Scaling and resource allocation¶
UbiOps automatically scales the number of deployed instances for your deployment based on the deployment workload. You can specify the maximum and minimum number of active deployment instances to be used by UbiOps auto-scaling when creating or updating a deployment version (see the Maximum and minimum number of instances section). When a deployment instance is active it will not require any cold start time when you make a request.
You can manage the scaling and resource allocation by setting the following parameters:
Parameter | Description |
---|---|
Minumum number of instances | Minimum number of allowed active instances |
Maximum number of instances | Maximum number of allowed active instances |
Maximum idle time | Time (in seconds) after which the number of active deployment instances will scale down to the value specified in the Minimum number of instances |
Memory allocation | Hard limit of the deployment memory |
Maximum and minimum number of instances¶
UbiOps allows you to specify the maximum and the minimum number of active deployment instances concurrently running. You can choose a value when creating or updating a deployment version by entering the desired value field in the dropdown list Advanced parameters.
This setting enables you to manage the resources used by the UbiOps auto-scaler. UbiOps will analyze the deployment workload and automatically decide to increase/decrease the number of available instances for the served deployment.
If you set the Minimum number of instances
to 0
, your deployment instances will be scaled down to 0
when no requests are sent to the deployment and the maximum idle time is reached (see the Maximum idle time section for more info). When the deployment instance is scaled to 0
it will require a cold start time for your first request. For a value of the Minimum number of instances
greater than 0
, UbiOps will always keep an active instance of your deployment.
If you want to disable the auto-scaling feature, you can set the same value for the maximum and the minimum number of instances.
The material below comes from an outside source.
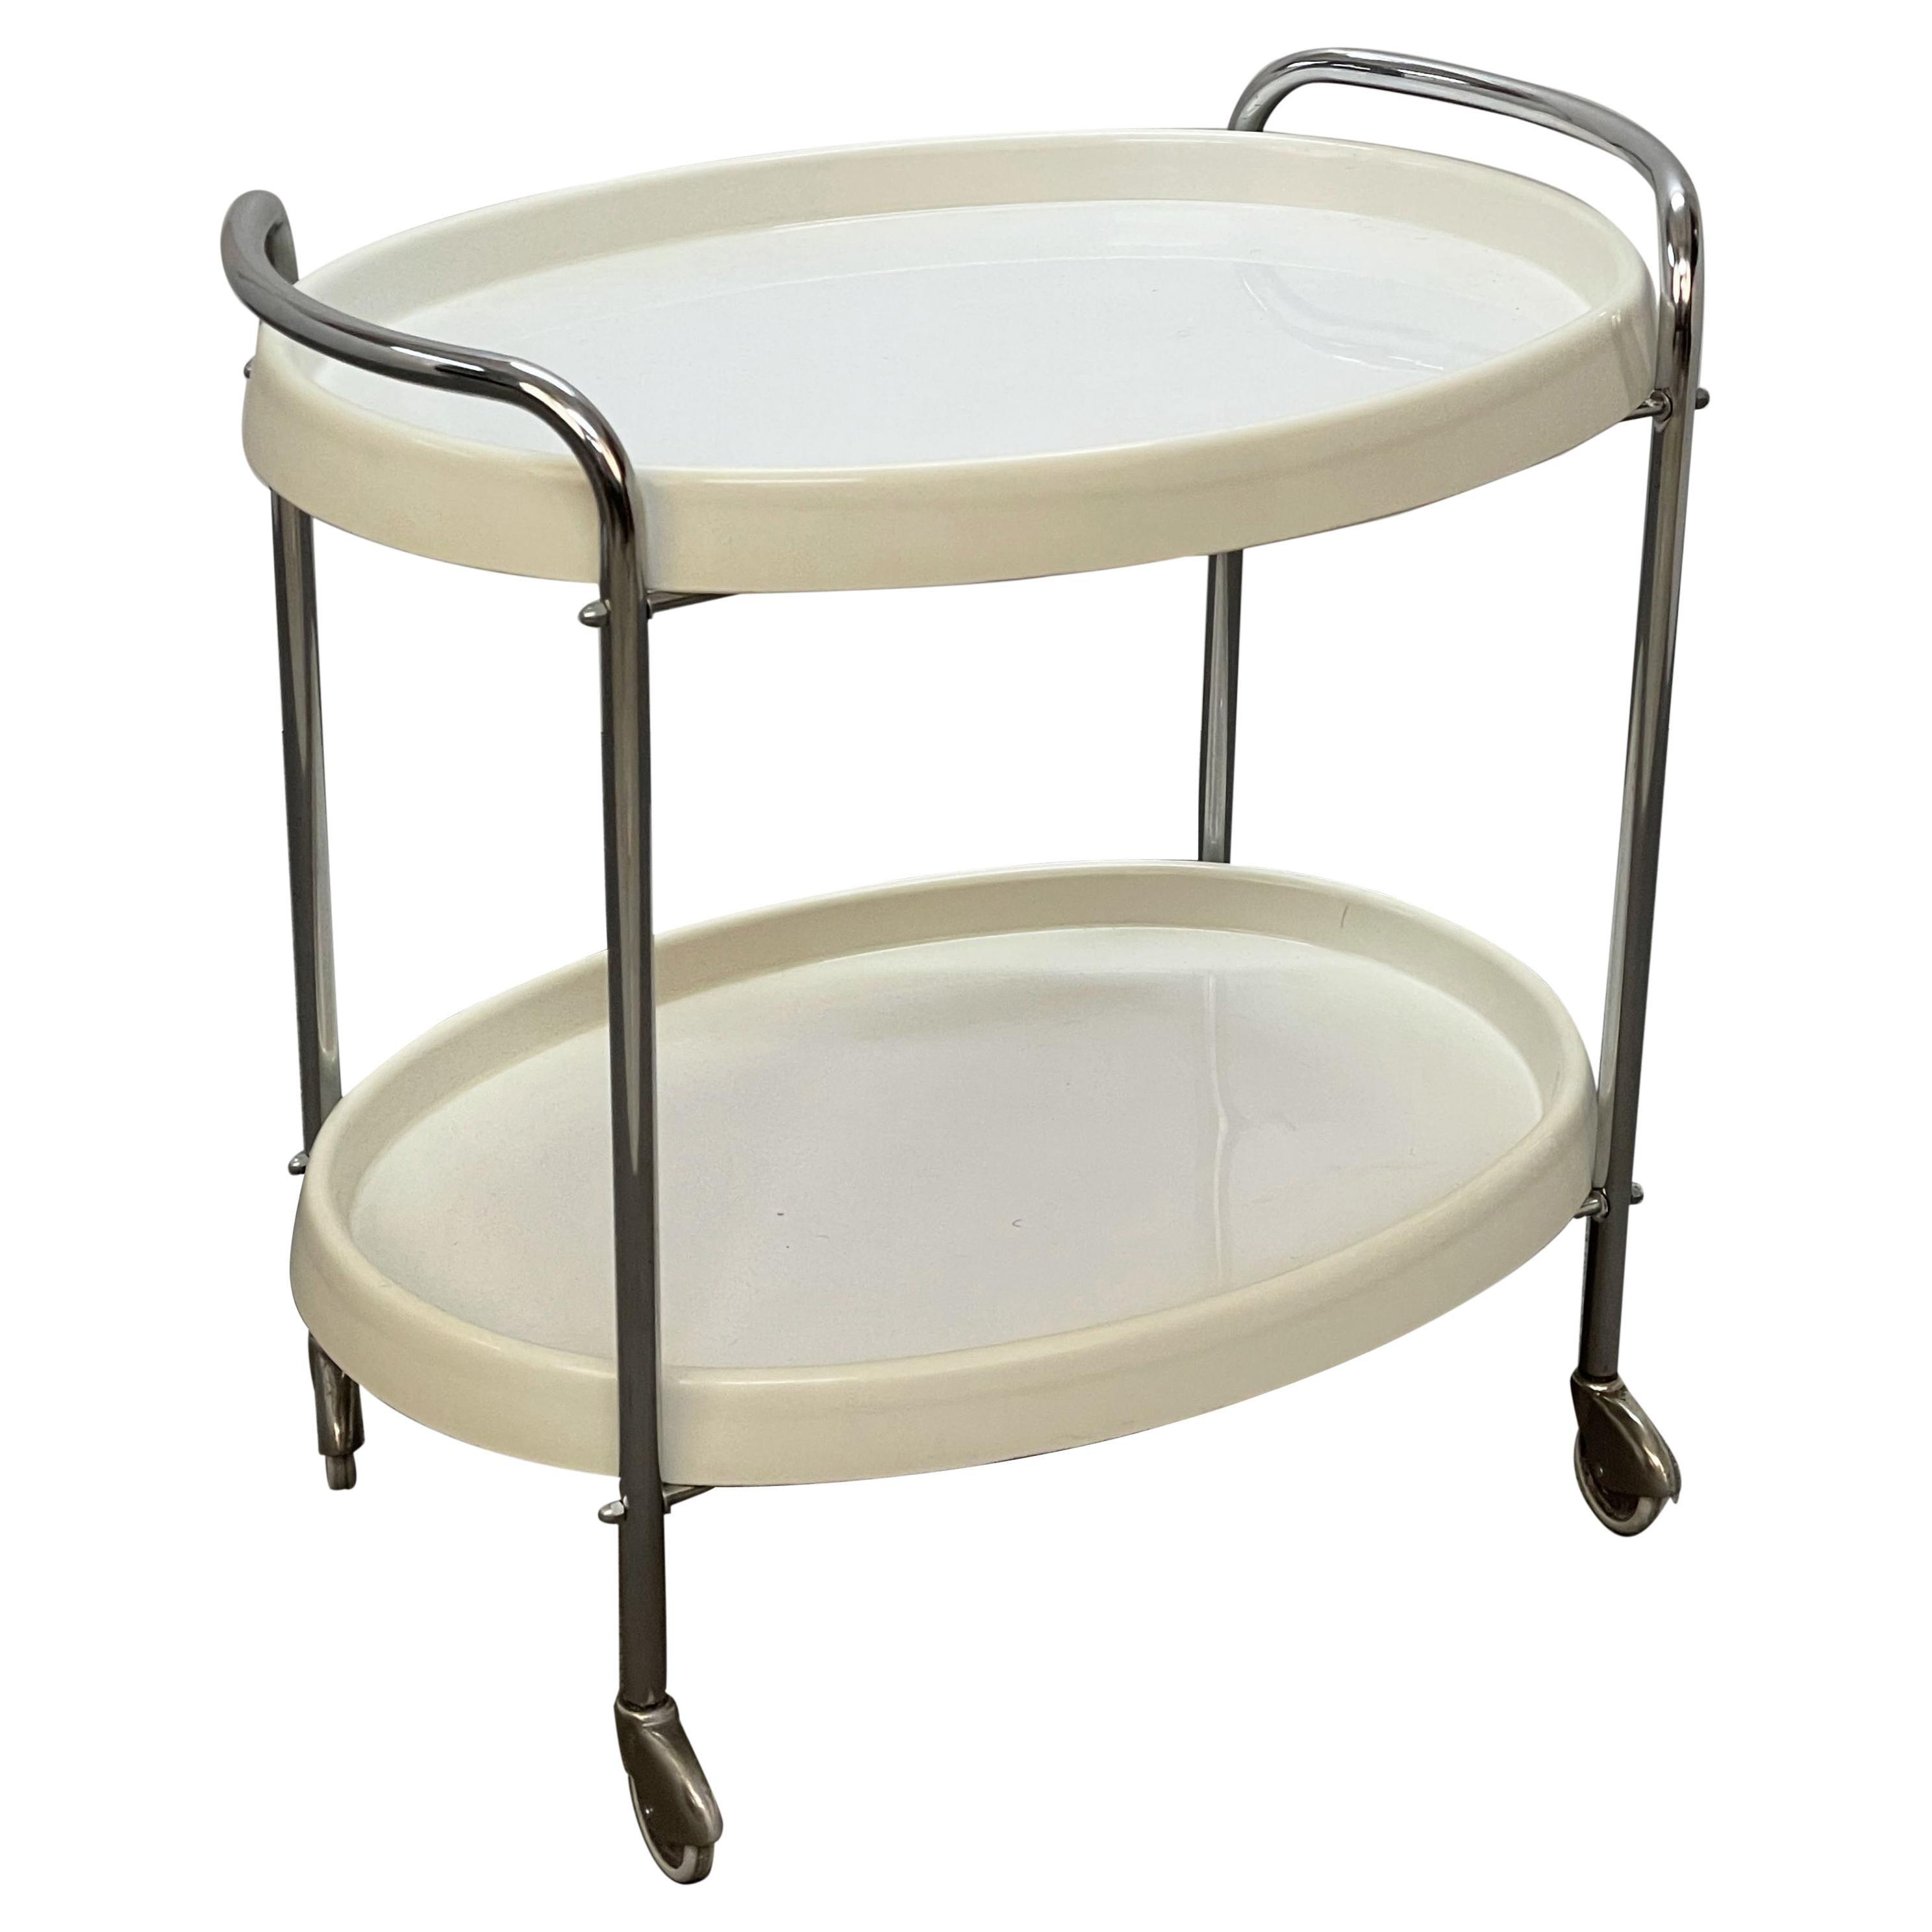 Midcentury White Plastic and Metal Chrome Italian Bar Cart Oval, 1950s

For example, if you set both the Minimum number of instances
and the Maximum number of instances
to 3
, you will always have 3
active deployment instances and auto-scaling will not be applied. This will also overrule the Maximum idle time
, i.e., after the maximum idle time has elapsed with no deployment requests you will still have 3
active instances.
For batch requests, UbiOps will perform concurrent deployment requests based on the number of active instances.
Minimum number of instances
Setting a value for the Minimum number of instances
greater than 0
will force UbiOps to keep always an active instance of your deployment. This might result in unexpected high compute credit usage.
Maximum idle time ¶
The Maximum idle time
indicates the time (in seconds) after which the number of active deployment instances is scaled down to the value specified in the Minimum number of instances
, if no requests are performed. If the Minimum number of instances
is set to 0
, the deployment instance will shut down after the Maximum idle time
has expired, resulting in a cold-start for the next request. The Maximum idle time
can be overruled by setting the Minimum number of instances
to a value higher than 0
. For example, if you set the Minimum number of instances
to 1
, UbiOps will keep 1
active instance of your deployment, even after the maximum idle time is reached.
Memory allocation¶
This setting defines the memory (RAM) limit that your deployment can use. This is a hard limit, so the memory usage of the deployment cannot exceed this limit.
Allocate sufficient memory
Keep in mind that this value should be large enough to encompass both your deployment package and any installed packages.
You can choose a value when creating or updating a deployment version by entering the desired memory value in the drop-list Advanced parameters of UbiOps WebApp.